**The task**
The result should be the full listing copied exactly, with no pictures in it.

Exercise data Block Start

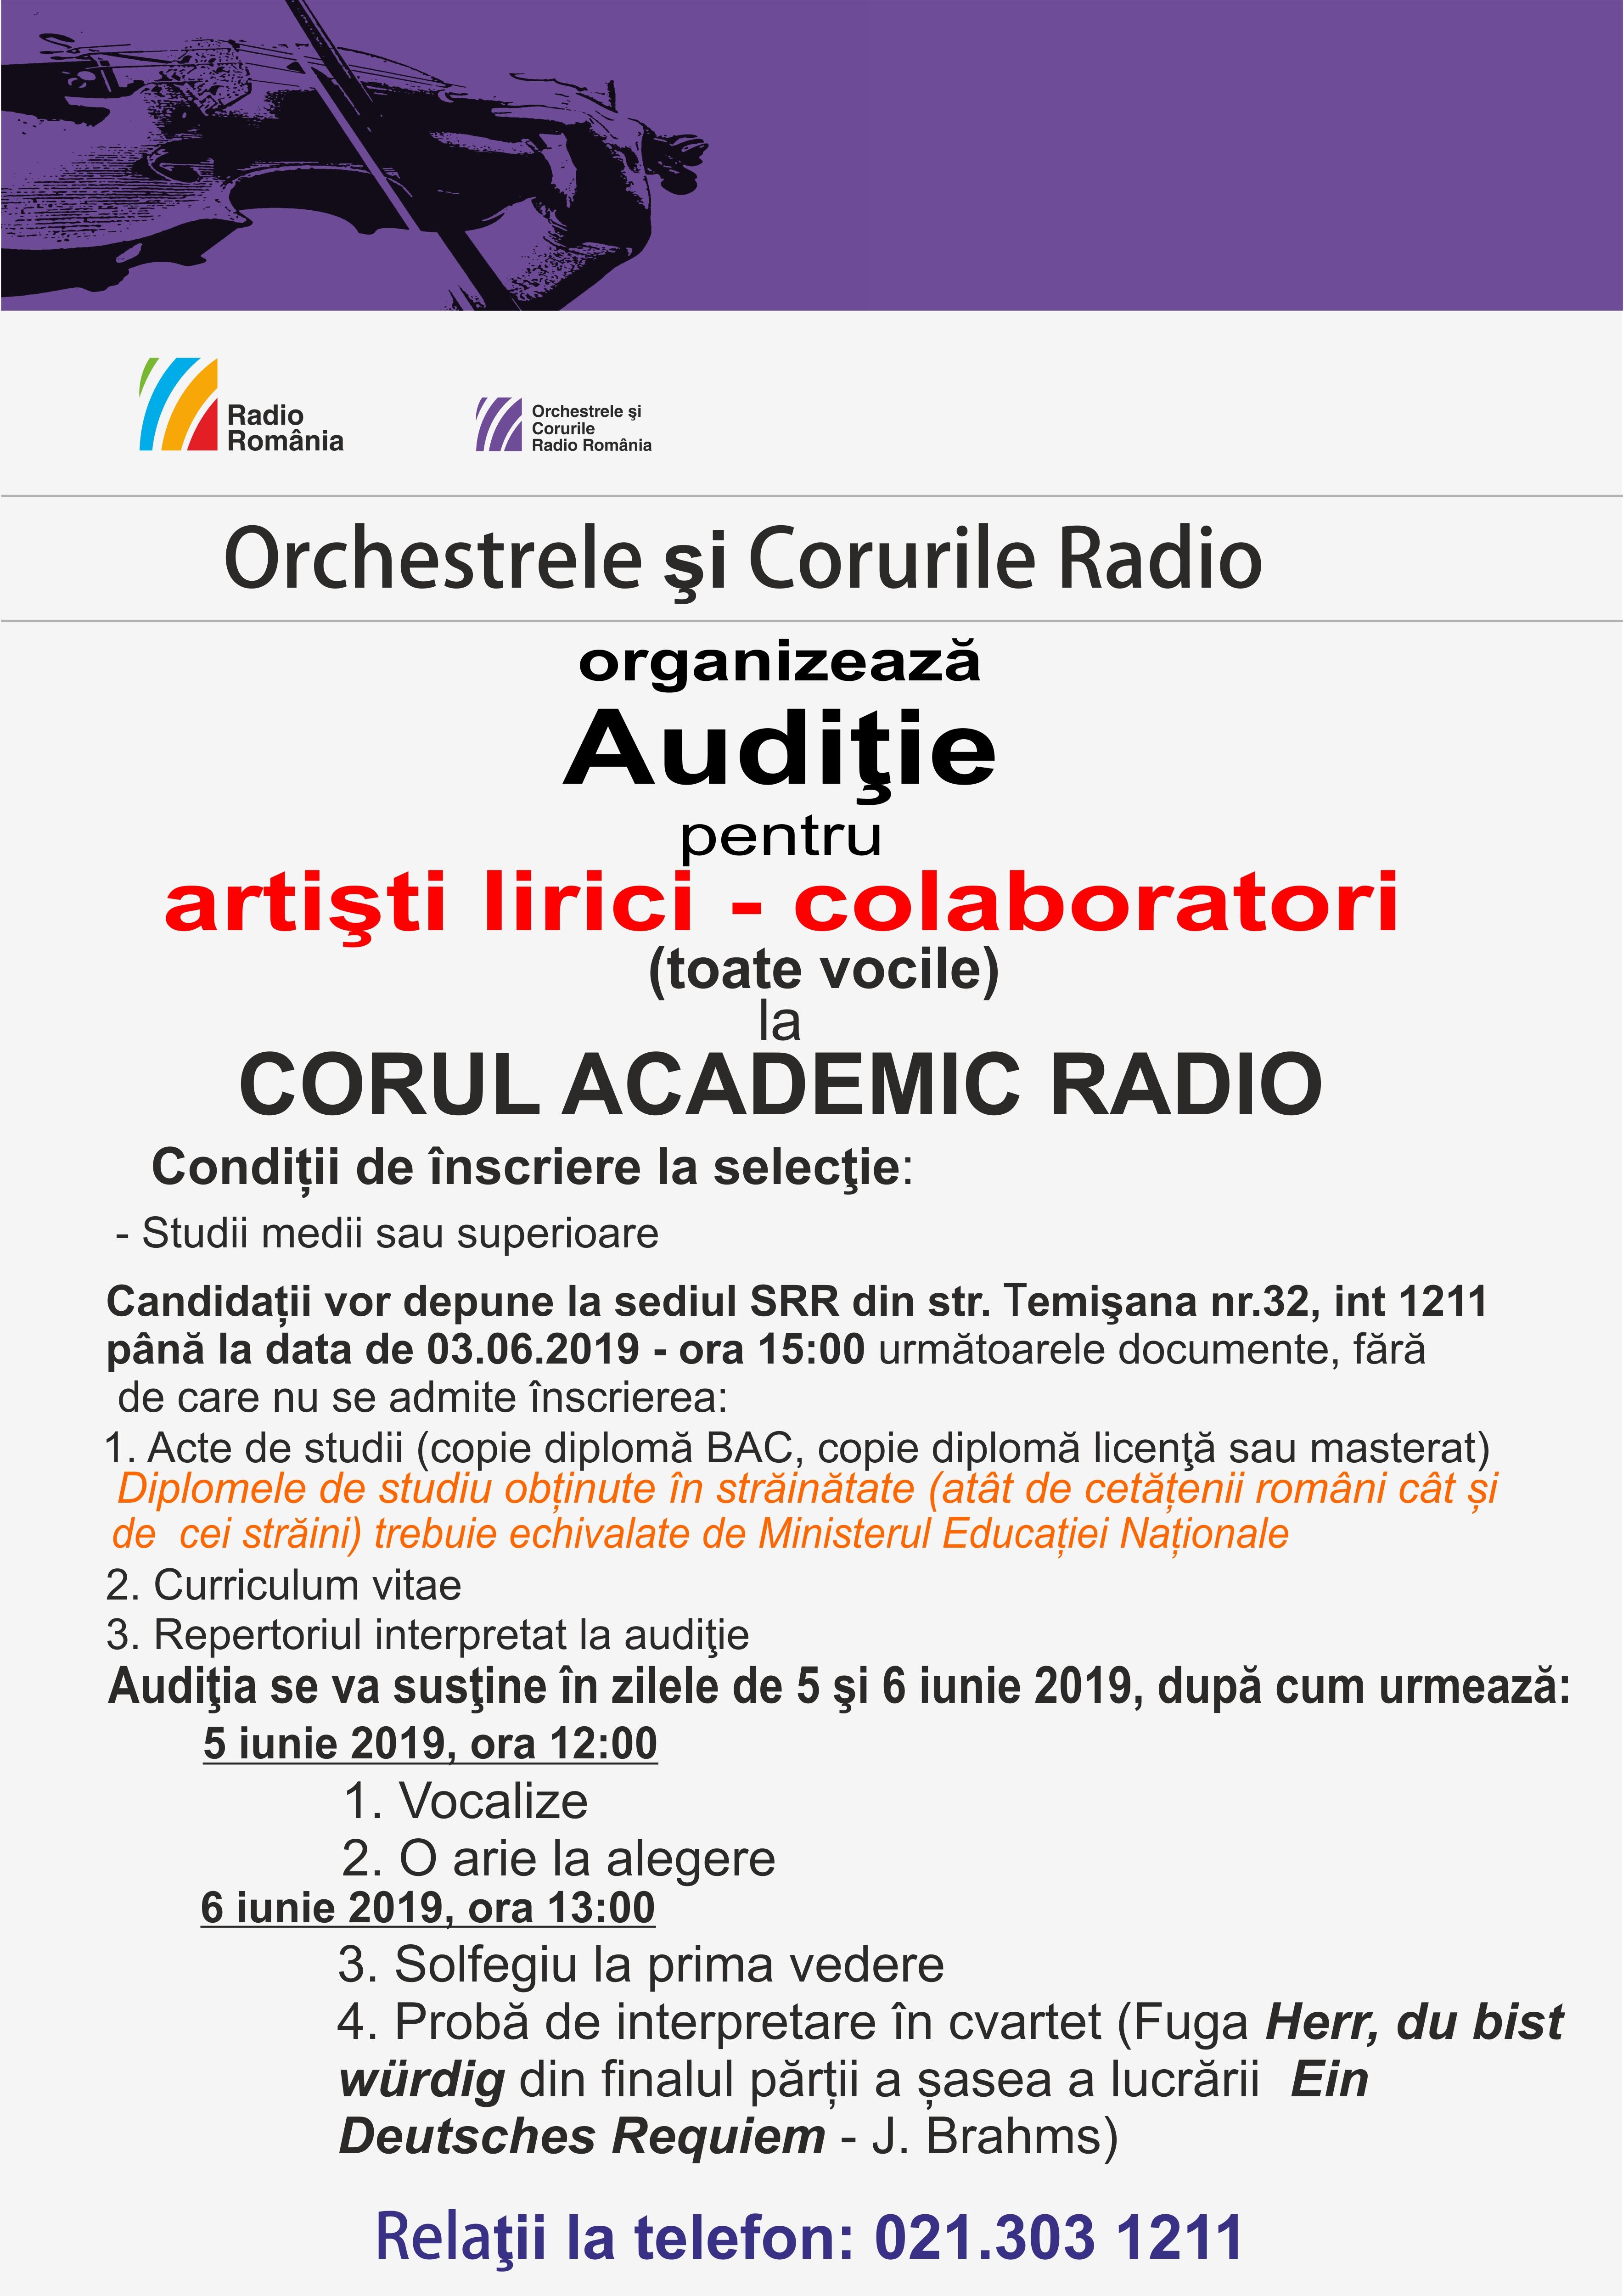 Audiţie pentru artişti lirici (toate vocile) – colaboratori la CORUL ACADEMIC RADIO
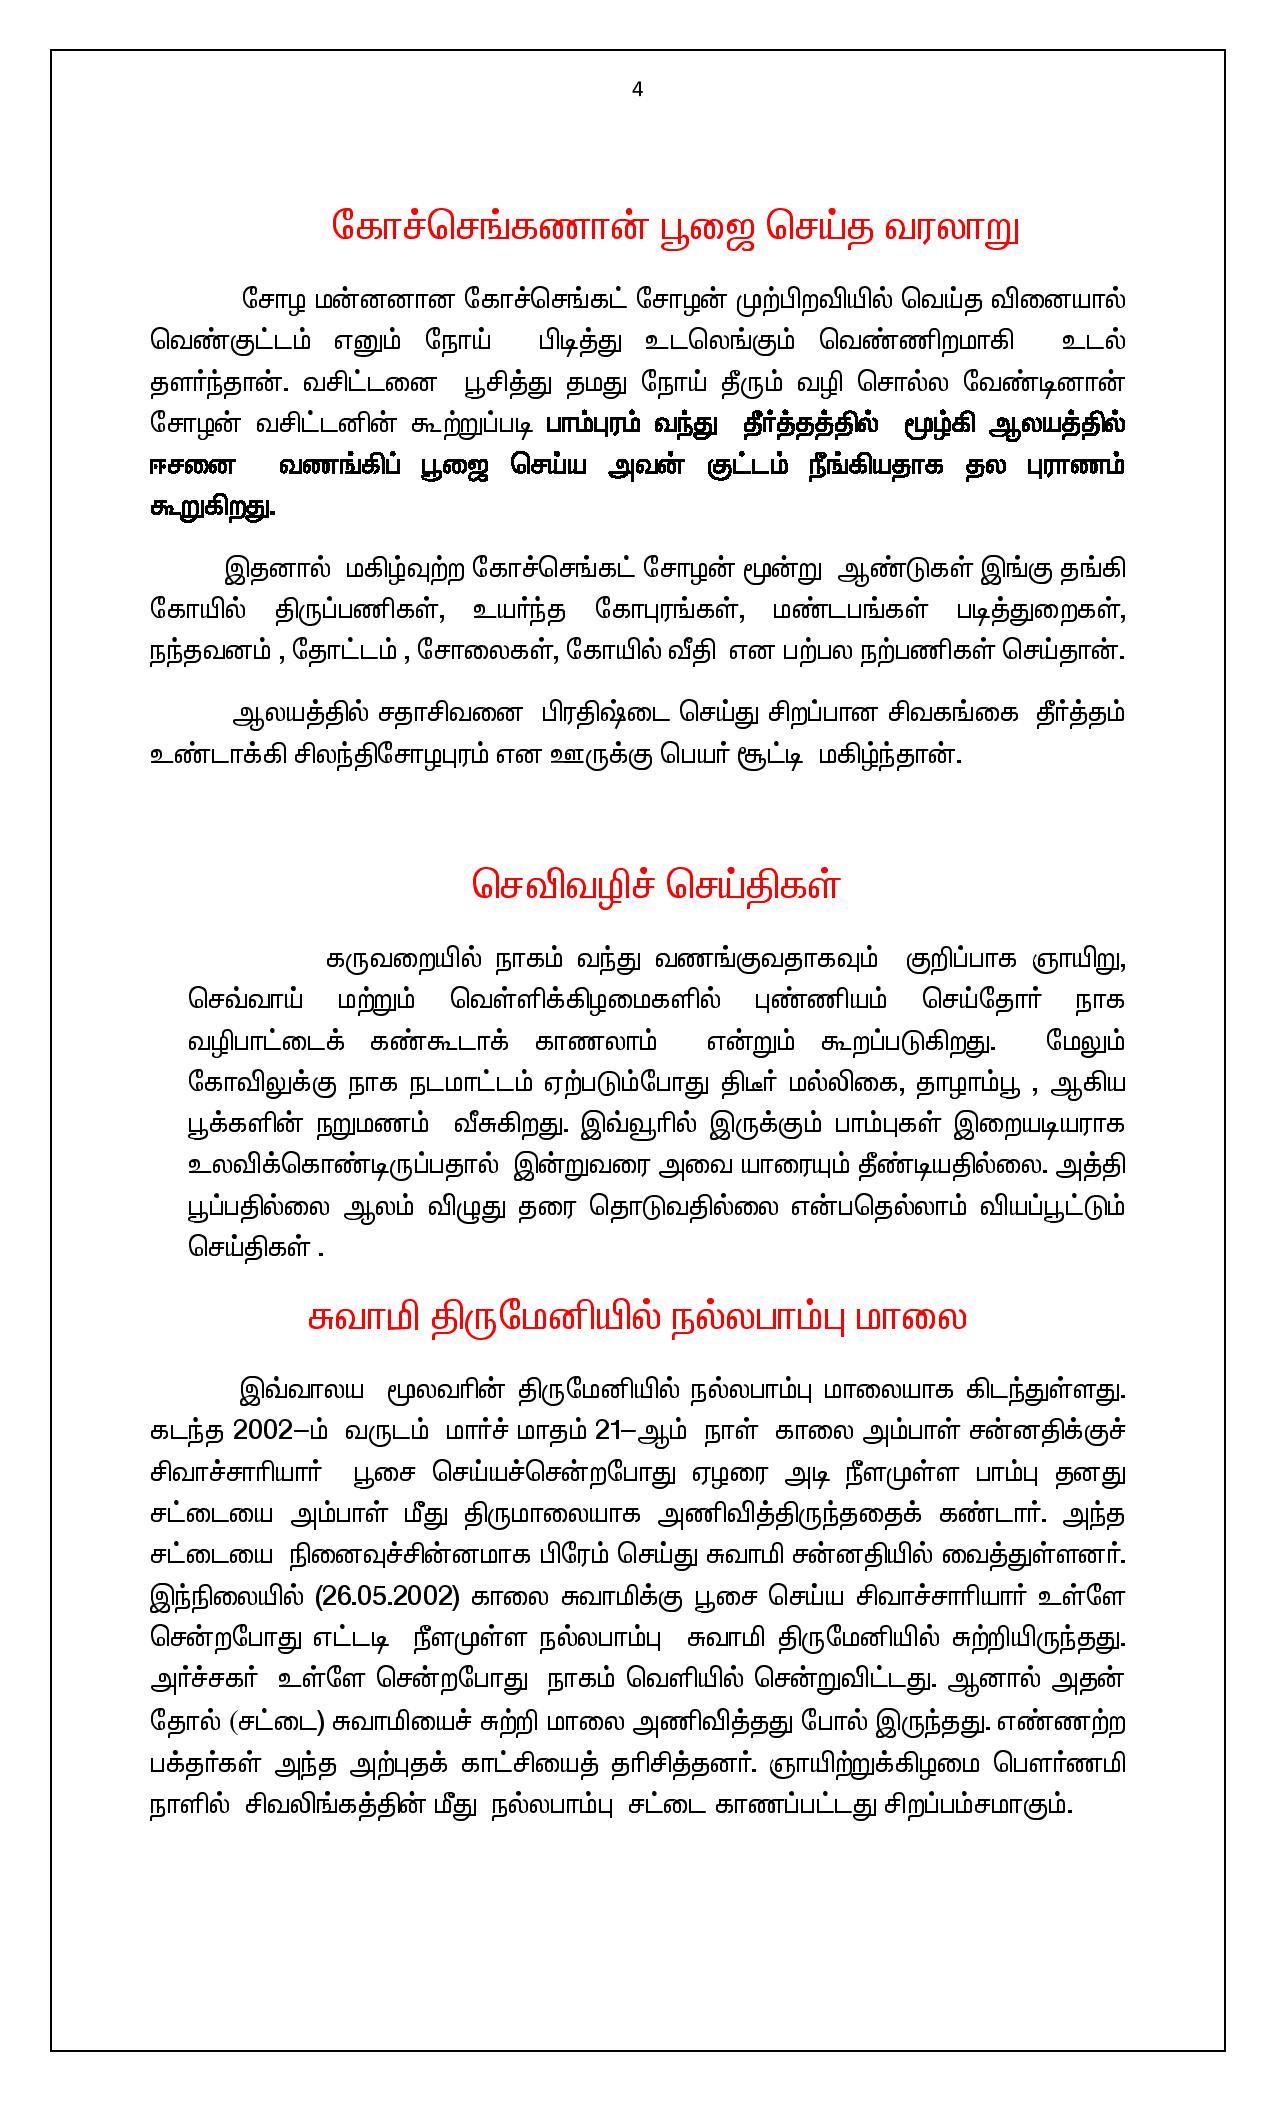 Hislory thiru pambupuram temple-page-004
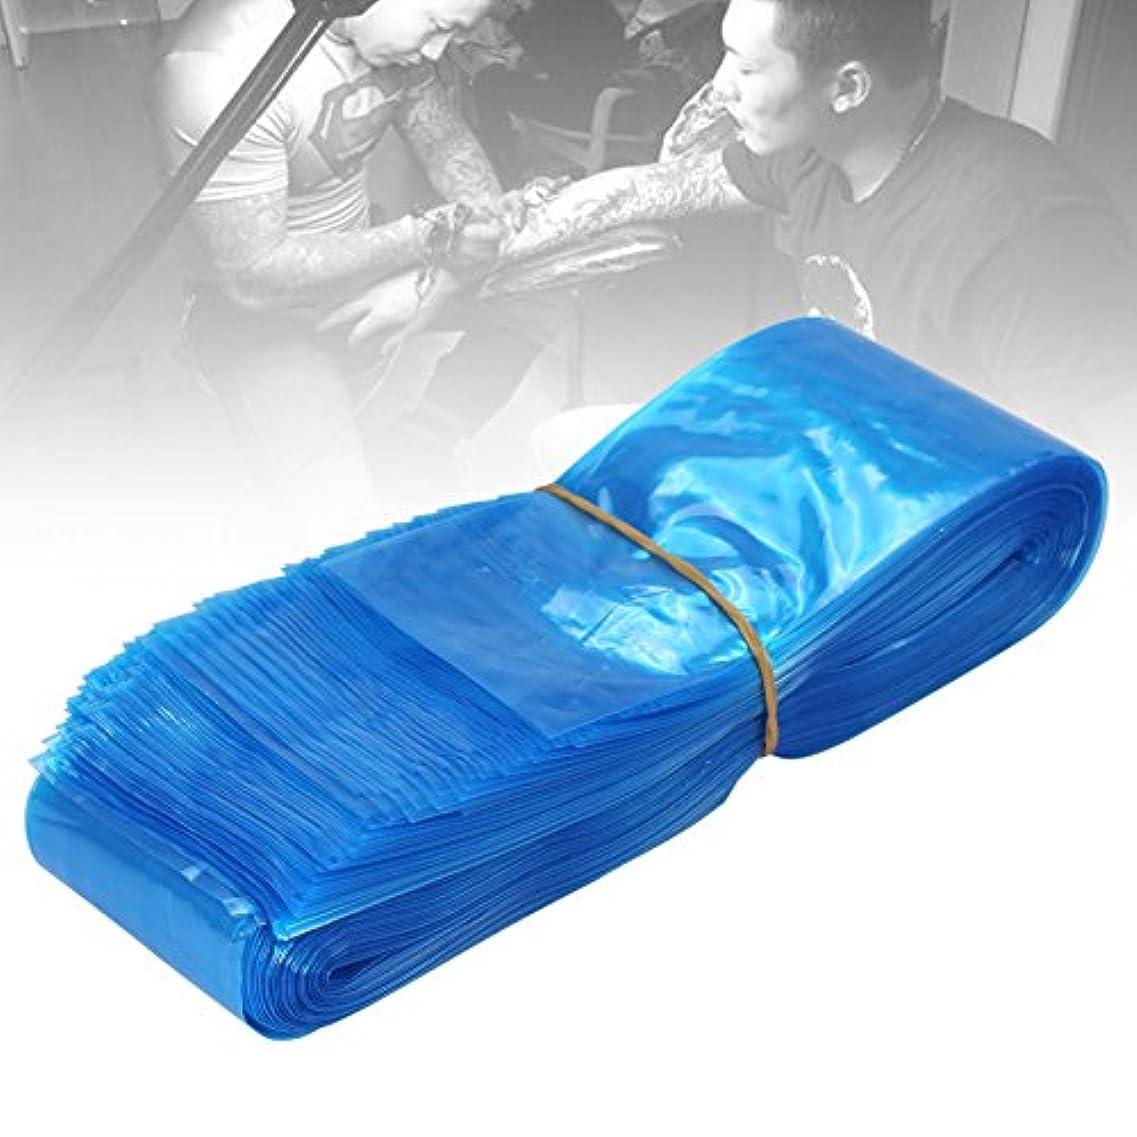 アッティカスチキン店員100ピース使い捨てプラスチックブルー医療衛生タトゥーマシンクリップコードフックスリーブカバーバッグ

Exercise data Block End

**Answer section**
 Audiţie pentru artişti lirici (toate vocile) – colaboratori la CORUL ACADEMIC RADIO
 Hislory thiru pambupuram temple-page-004
 アッティカスチキン店員100ピース使い捨てプラスチックブルー医療衛生タトゥーマシンクリップコードフックスリーブカバーバッグ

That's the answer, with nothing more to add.